MPI - Printing in an order

Question

I'm trying to write a function in C where every processor prints it's own data. Here is what i have:

void print_mesh(int p,int myid,int** U0,int X,int Y){
    int i,m,n;
    for(i=0;i<p;i++){
        if(myid==i){
            printf("myid=%d\n",myid);
            for(n=0;n<X;n++){
                for(m=0;m<Y;m++){
                    printf("%d ",U0[n][m]);
                }
                printf("\n");
            }
        }
        else MPI_Barrier(MPI_COMM_WORLD);
    }
}

It doesn't work for some reason. The arrays are printed all mixed up. Do you have any insight as to why this doesn't work? Any other ideas that work? If possible, I don't want to send the whole array in a master process. Also I don't want to use precompiled functions.

Wesley Bland is right; there's no general way to do it like this because of buffering. I use the same approach you do in example code here with small output all the time, and as a practical matter it generally works quite well, but there's no guarantee and it certainly won't work with sizeable amounts of output (> than a single I/O buffer). Best is to use MPI-IO to write to a file (eg, [this answer](http://stackoverflow.com/a/9810006/463827) ), with the same caveat that large amounts of data are best written in binary formats. — Jonathan Dursi, Jul 10 '13 at 14:35
Note also that you are calling `MPI_Barrier` within `MPI_COMM_WORLD` and in each round one rank in `MPI_COMM_WORLD` fails to call it. The call to `MPI_Barrier` should NOT be in the `else` block of the conditional construct, i.e. remove the `else` keyword. — Hristo Iliev, Jul 10 '13 at 16:30

score 7 · Accepted Answer · answered Jul 10 '13 at 13:18

There is no way to guarantee that messages from many different processes will arrive in the "correct" order when they arrive to another process. This is essentially what is happening here.

Even though you aren't explicitly sending messages, when you print something to the screen, it has to be sent to the process on your local system (mpiexec or mpirun) where it can be printed to the screen. There is no way for MPI to know what the correct order for these messages is so it just prints them as they arrive.

If you require that your messages are printed in a specific order, you must send them all to one rank which can print them in whatever order you like.

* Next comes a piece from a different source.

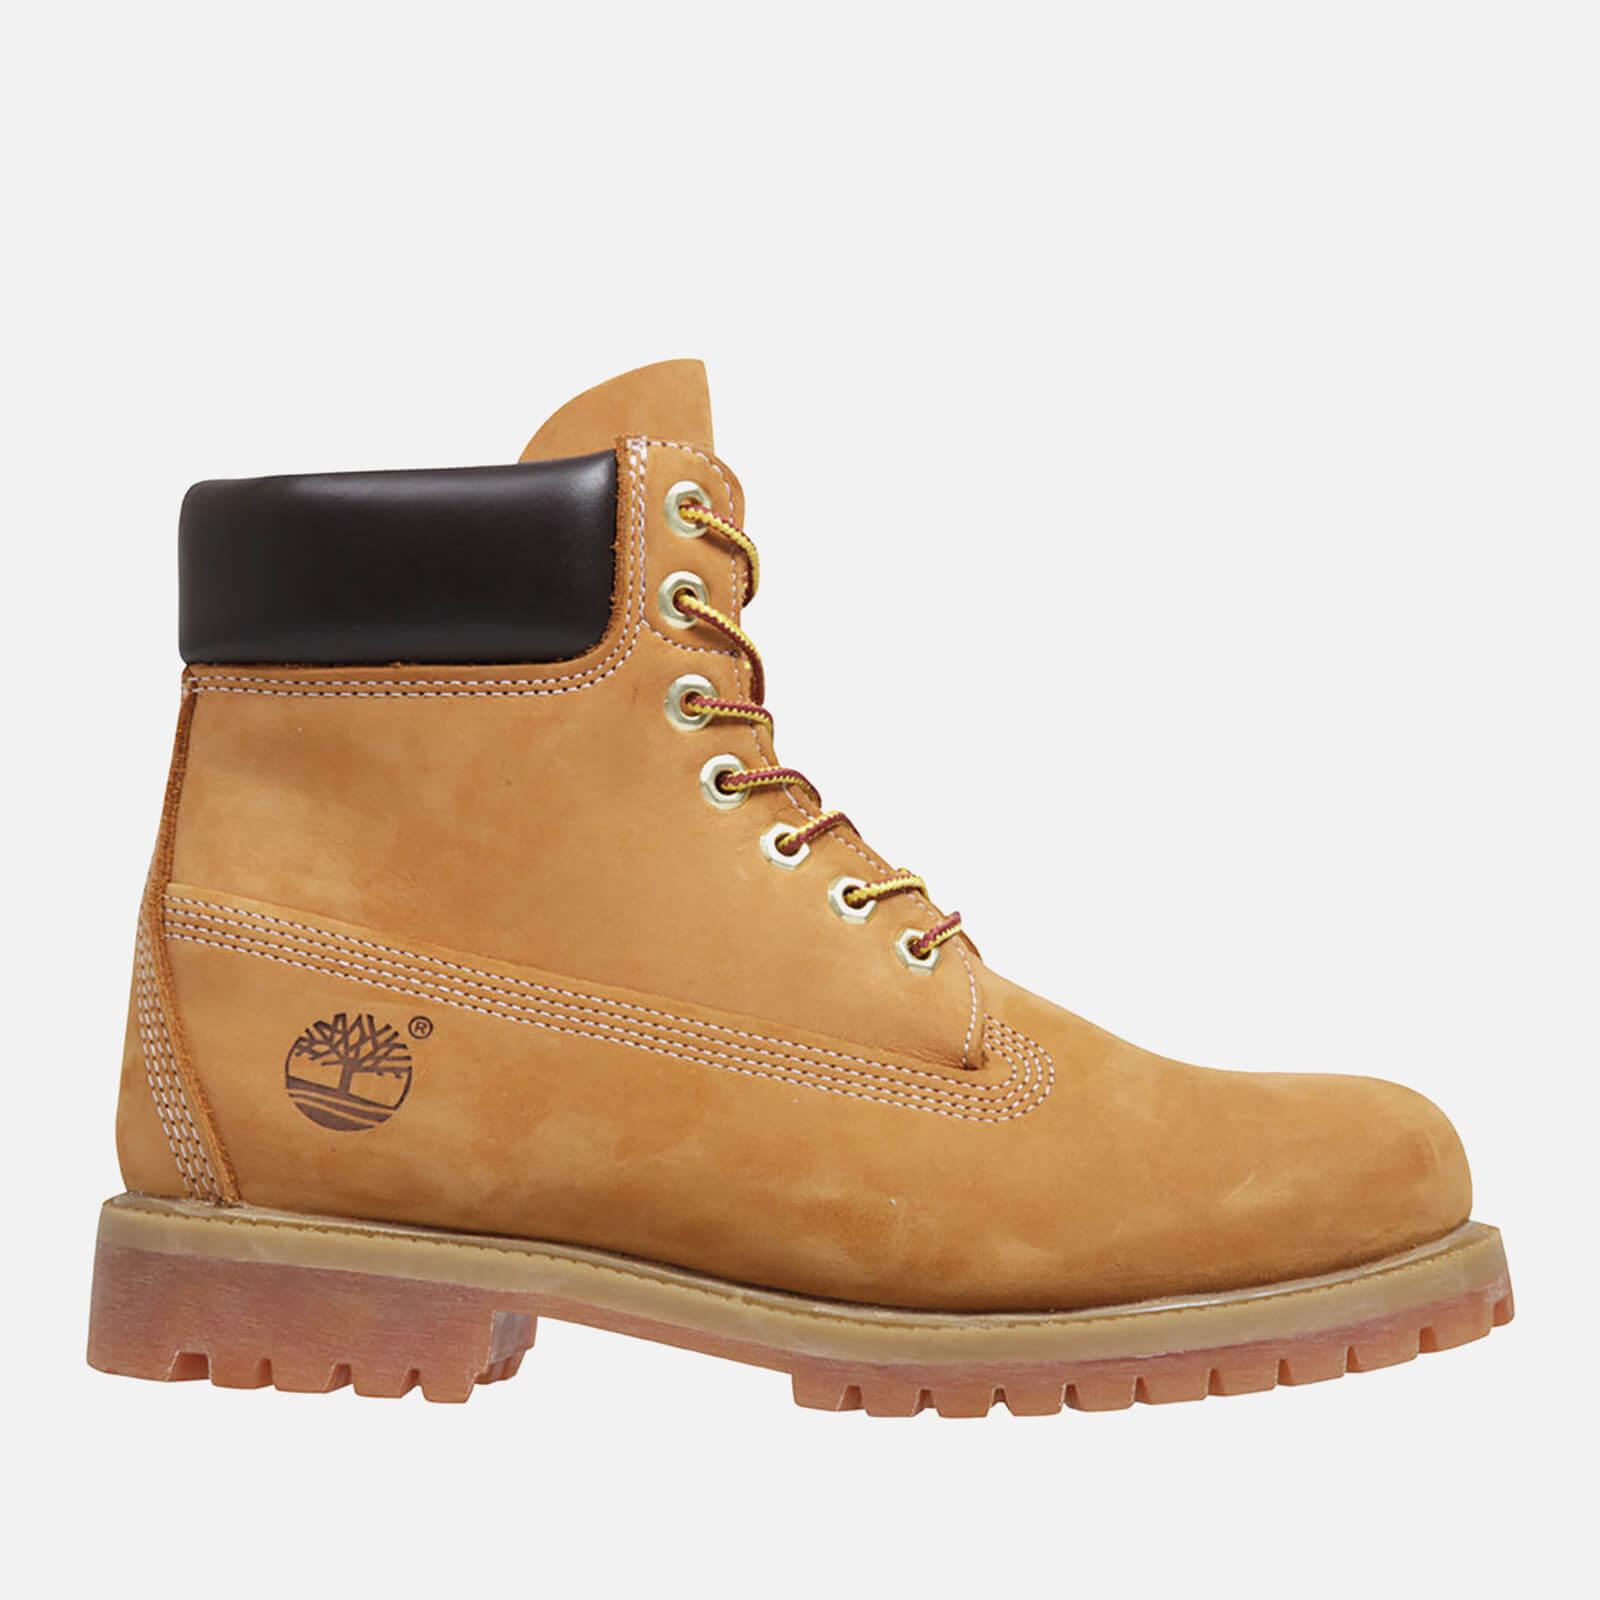 fca386de Timberland Men's 6 Inch Premium Boots - Wheat

As long as one rank does all of the printing, all of the messages will be ordered correctly.

It should be said that there will probably be answers that you can find out there which say you can put a newline at the end of your string or use flush() to ensure that the buffers are flushed, but that won't guarantee ordering on the remote end for the reasons mentioned above.

+1; `fflush(stdout)` is certainly worth trying, but yeah, there's no guarantee, and what works on one system may not on another. — Jonathan Dursi, Jul 10 '13 at 14:38

score 1 · Answer 2 · answered Dec 01 '16 at 18:16

So, you can do something like this:

MPI_Init(&argc, &argv);
MPI_Comm_size(MPI_COMM_WORLD, &size);
MPI_Comm_rank(MPI_COMM_WORLD, &rank);
if (rank == 0) {
    MPI_Send(&message, 1, MPI_INT, 1, 0, MPI_COMM_WORLD);
    printf("1 SIZE = %d RANK = %d MESSAGE = %d \n",size,rank, message);
} else {
    int buffer;
    MPI_Status status;
    MPI_Probe(MPI_ANY_SOURCE, 0, MPI_COMM_WORLD, &status);
    MPI_Get_count(&status, MPI_INT, &buffer);
    if (buffer == 1) {
        printf("2 SIZE = %d RANK = %d MESSAGE = %d \n",size,rank, message);
        MPI_Recv(&message, buffer, MPI_INT, MPI_ANY_SOURCE, 0, MPI_COMM_WORLD, &status);
        if (rank + 1 != size) {
            MPI_Send(&message, 1, MPI_INT, ++rank, 0, MPI_COMM_WORLD);
        }
    };
};
MPI_Finalize();

After execute:

$ mpirun -n 5 ./a.out 
1 SIZE = 5 RANK = 0 MESSAGE = 999 
2 SIZE = 5 RANK = 1 MESSAGE = 999 
2 SIZE = 5 RANK = 2 MESSAGE = 999 
2 SIZE = 5 RANK = 3 MESSAGE = 999 
2 SIZE = 5 RANK = 4 MESSAGE = 999

Where do you assign 'message'? – EssentialAnonymity Sep 28 '17 at 22:34 — EssentialAnonymity, Sep 28 '17 at 22:34

Johannes Blaschke · Answer 3 · 2018-03-27T20:40:52.167

I was inspired by Святослав Павленко's answer: using the blocking MPI communications to enforce serial-in-time output. While Wesley Bland has a point about MPI not being built for serial output. So if we want to output data, it makes sense either have each processor output (non-colliding) data. Alternatively, if the order of the data is important (and it's not too big) the recommended approach is to send it all to on cpu (say rank 0), which then formats the data correctly.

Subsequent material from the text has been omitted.